After switching off the secondary air pump, the secondary air valve can be closed after the time delay TVSLOFF. This is possibly required for engine designs in which the secondary air effects an improvement in fuel atomization in the combustion chamber. Closing the secondary air valve later can dampen the load-diminishing effect due to run-down of the secondary air pump. Caution: For designs with a valve check function for the secondary air diagnosis, a delayed switch-off of the secondary air valve is not acceptable, since the pump must work against the closed secondary air valve. After the power is switched off, the function to reinitialize secondary-air (C_ini) is blocked.
<u>Description of the Secondary Air Mass</u>
The secondary air mass msl is dependent on the electrical system voltage which is predetermined by the characteristic MSLUB and is corrected depending on the operating point from the map KFFMSML and the ambient air density (characteristic FMSRHOL). When the engine is hot, especially during adaptations- additional diagnostic phase, the secondary air mass can still be corrected depending on tmot by the characteristic FMSTMOT.
The pump will run up and down described by the dynamic factor fslpdyn.
In twin cylinder bank designs (SY_STERVK) as well as twin-ECU designs (SY_2SG) with an exhaust bank per ECU (not SY_STERVK) and a single SLP (SY_SLPANZ = 1) and one exhaust bank each, the
secondary air system can be split in half and corrected on a bank-specific basis (FMSL, -2).
With bit 6 from the code word CWSLS (= B_slsadap), a secondary air adaptation factor fmsla(2) can be included as determined from the secondary air diagnosis. Finally, the secondary air dilution factor flamsl is calculated for the mixture control from the secondary air mass msl. After opening or closing the secondary air-valve, the dynamics of the secondary air flow into the exhaust are described by factor fmsldyn with the time constants ZKSLON and ZKSLOFF, after the air masses IMLSLSA, IMLSLSE were incorporated. The secondary air wash after closing the valve is indicated by B_slsoff.

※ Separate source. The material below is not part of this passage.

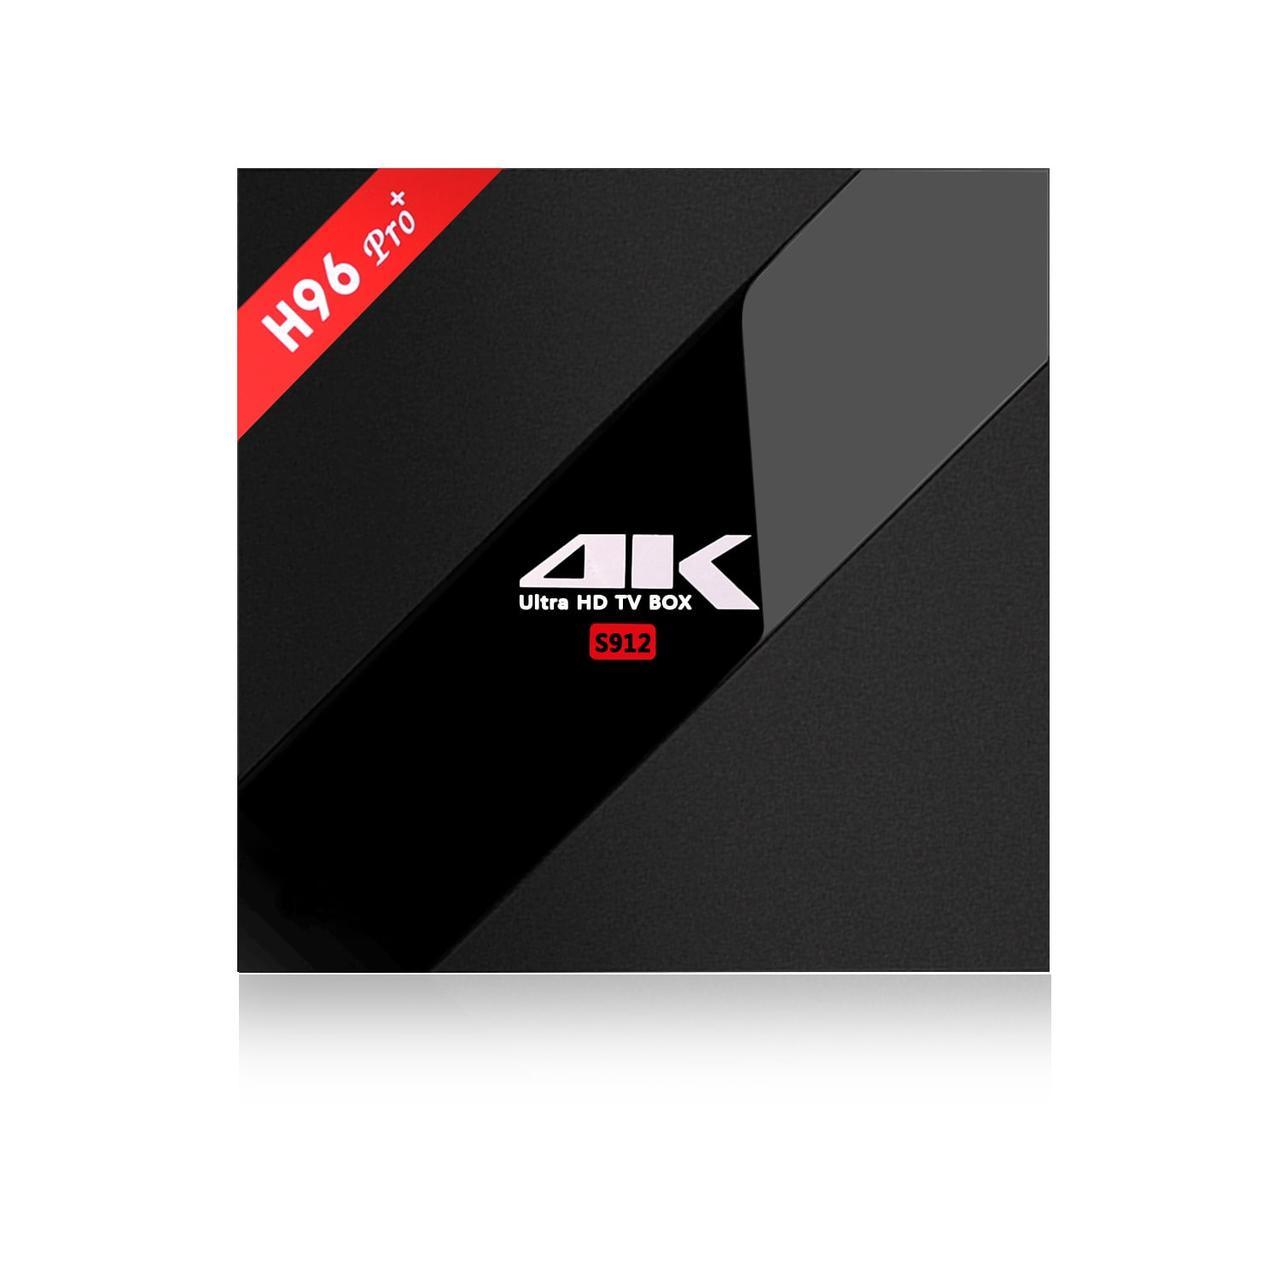 Смарт ТВ приставка H96 Pro Plus 3Gb + 32Gb

<u>Calculation of Enrichment due to Secondary Air</u>
Bit 3 of the code word CWSLS determines whether there is lambda-engine set point during secondary air injection via map KFLMSKH from function LAKH (flmssl = 0) or whether there is lambda-exhaust set-point, including secondary air via map KFLASKH from function LAKH (flmssl = 1) from an automatic calculation of the required lambda-engine &#8203;&#8203;with consideration of the secondary air dilution factor flamsl. Designs with lambda-exhaust set point can also be dependent on bit 4 realized after leaving the debounced idle or inputting the driving phase (bit 5) of the transition to lambda-engine through a filter with time constants ZFLMSSL. Via bit 2 of the codeword CWSLS, one can select whether with transition from B_slsoff or B_sls flmssl from the PT1-filter output is switched hard to 0.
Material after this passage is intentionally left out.